A description of the dataset is provided here:
https://psl.noaa.gov/data/gridded/data.ncep.reanalysis.html
No login credentials are needed. The download the data all one has to do is provide a template raster of the desired region and a POSIXlt object for the correct time-span. Given the large grid size of the original dataset, the returned data cover will typically cover a larger spatial extent than the SpatRaster template provided as an input. Data are downloaded in monthyl chunks and to accommodate the mixture of forecasts and hindcasts data one month other-side of provided time-sequence are downloaded. Here we create a template raster for the south-west of the UK and download data for May 2022, download the data and then save it to file for later use.
# create template raster
e <- ext(0, 300000, 0, 200000)
r <- rast(e)
crs(r) <- "EPSG:27700"
# create POSIXlt time sequence
tme <- as.POSIXlt(c(0:743)*3600, origin="2022-05-01 00:00", tz = "UTC")
# download and save data
ncepdata <- ncep_download(r, tme)
saveRDS(ncepdata, "C:/Temp/ncepdata.RDS")
attributes(ncepdata)
The data take a couple of minutes to download depending on the speed
of your internet connection. The output is a list of two things:
tme
- a POSIXlt object of the longer time period
corresponding to the data download. (2) climdata
- a list
of SpatRasters for each of the climate variables
Once downloaded, processing it to provide hourly outputs ready for use with the microclimate model is pretty straightforward and doesn’t take long:
ncephourly <- ncep_process(ncepdata, r, tme)
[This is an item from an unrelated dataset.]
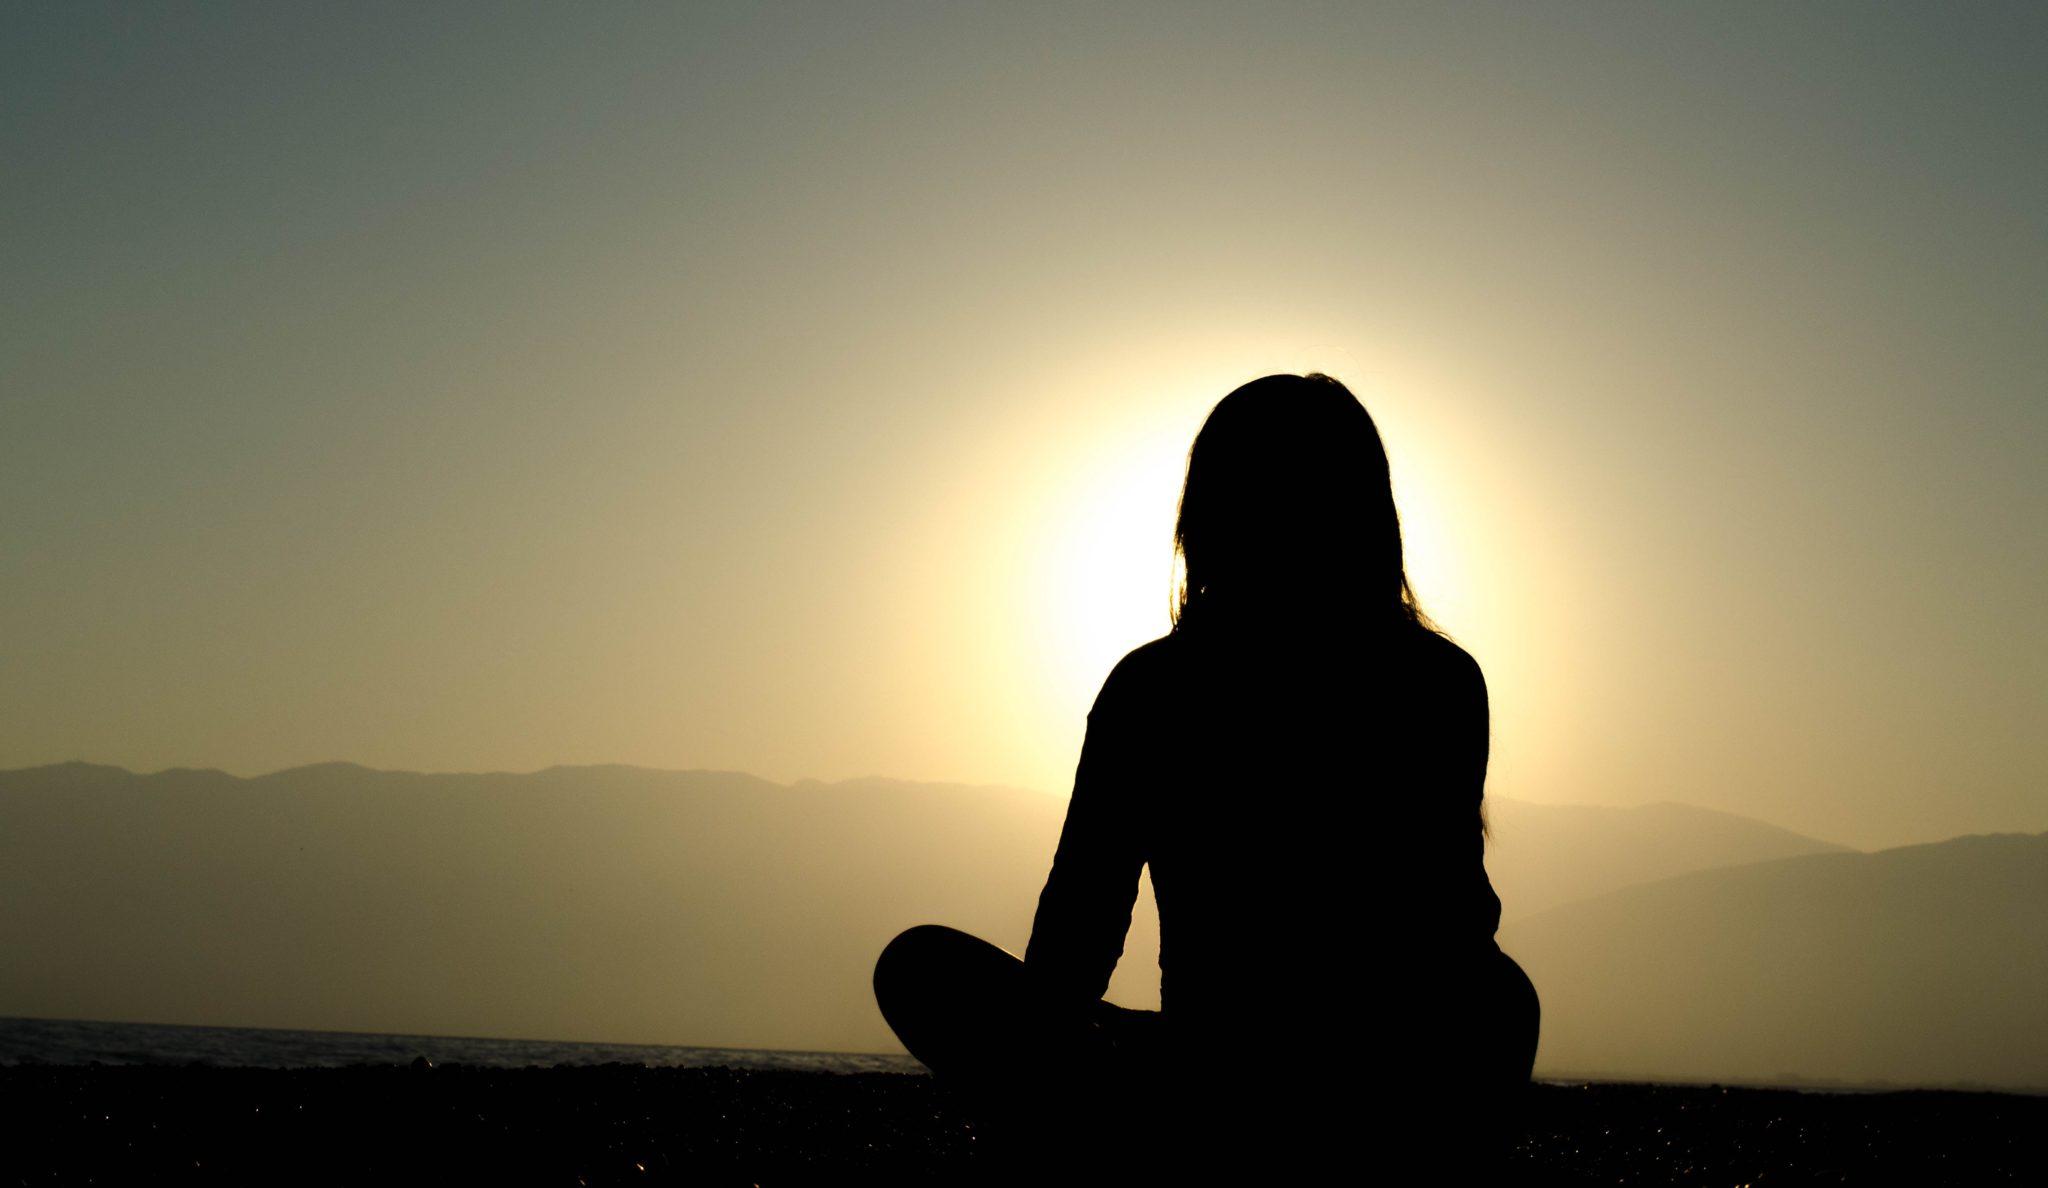 Ammatillinen kehittyminen. Nainen meditoi.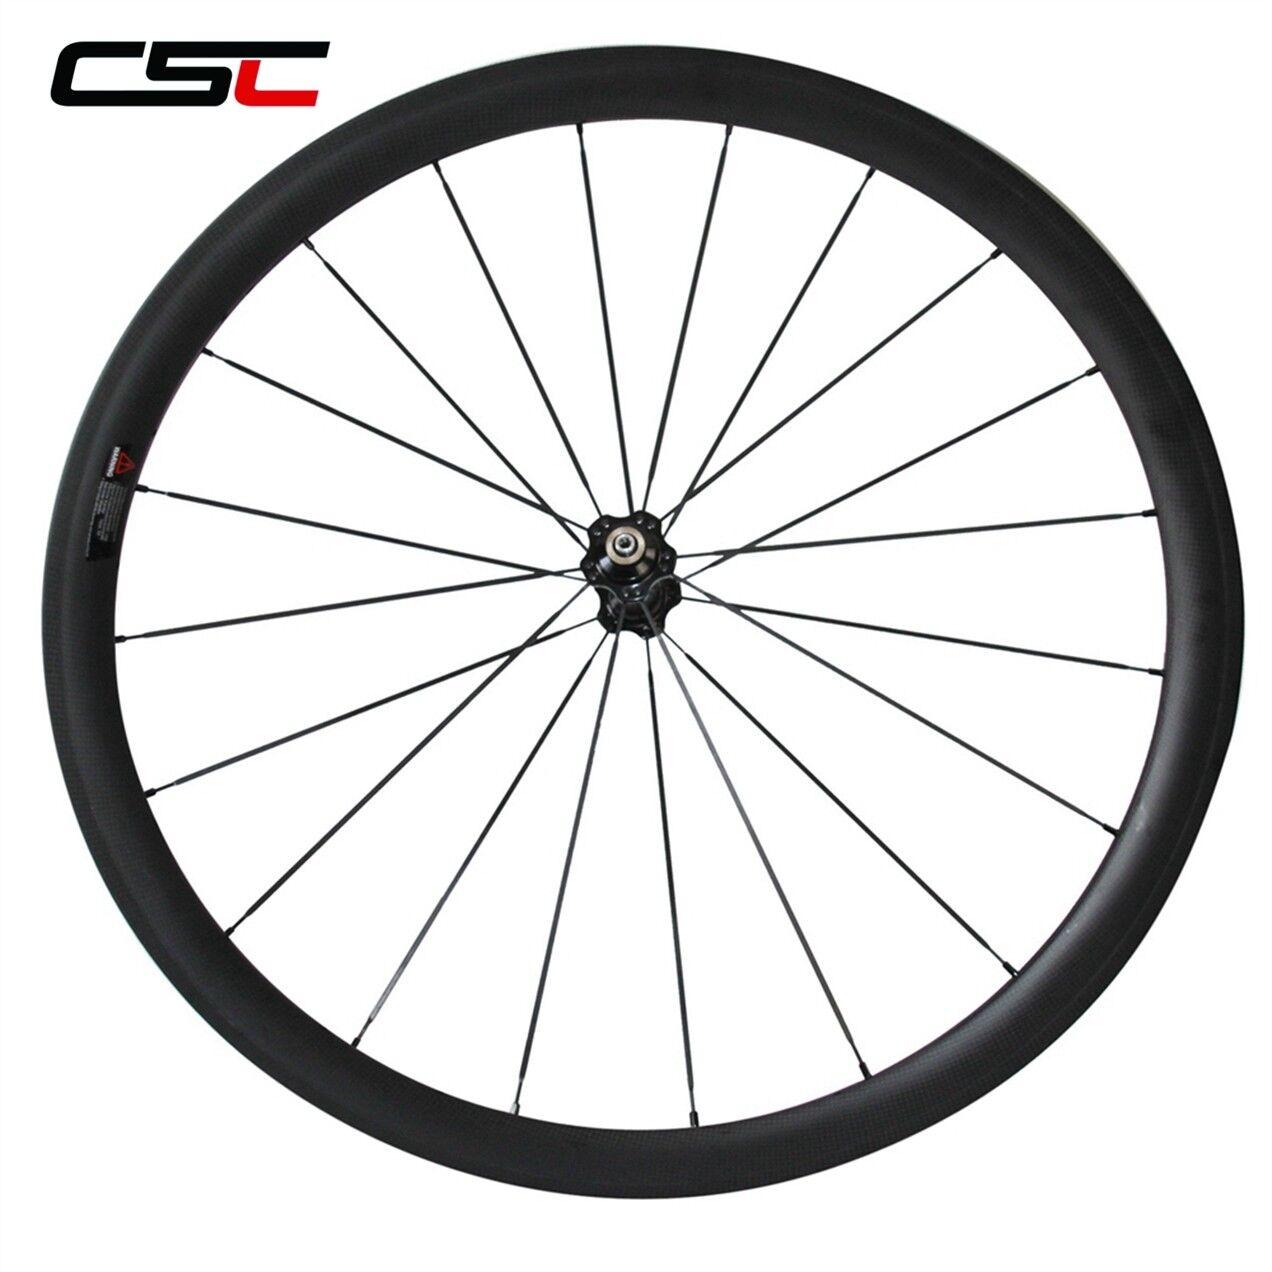 700 C sólo frontal de carbono bicicleta de carretera Remachador Tubuar ruedas de carbono y Novatec hub

tc <- rast(ncephourly$temp)
mypal <- colorRampPalette(c("darkblue", "blue", "green", "yellow",
"orange", "red"))(255)
plot(tc[[1]], col = mypal)
The output covers a larger extent that the input provided as by default a minimum of 2 x 2 grid cells of ncep data are downloaded. One can instead chose to resample the returned data to match the input template raster. Here we do this by downloading a one km grid resolution digital elevation dataset and using this as a template for resampling and to apply a land-sea mask. The processing takes a while longer given we are now returning 200 x 300 x 744 multi-layer SpatRasters of climate.
res(r) <- 1000
dtm <- dem_download(r, msk = FALSE, zeroasna = TRUE)
ncephourly <- ncep_process(ncepdata, dtm, tme, resample = TRUE)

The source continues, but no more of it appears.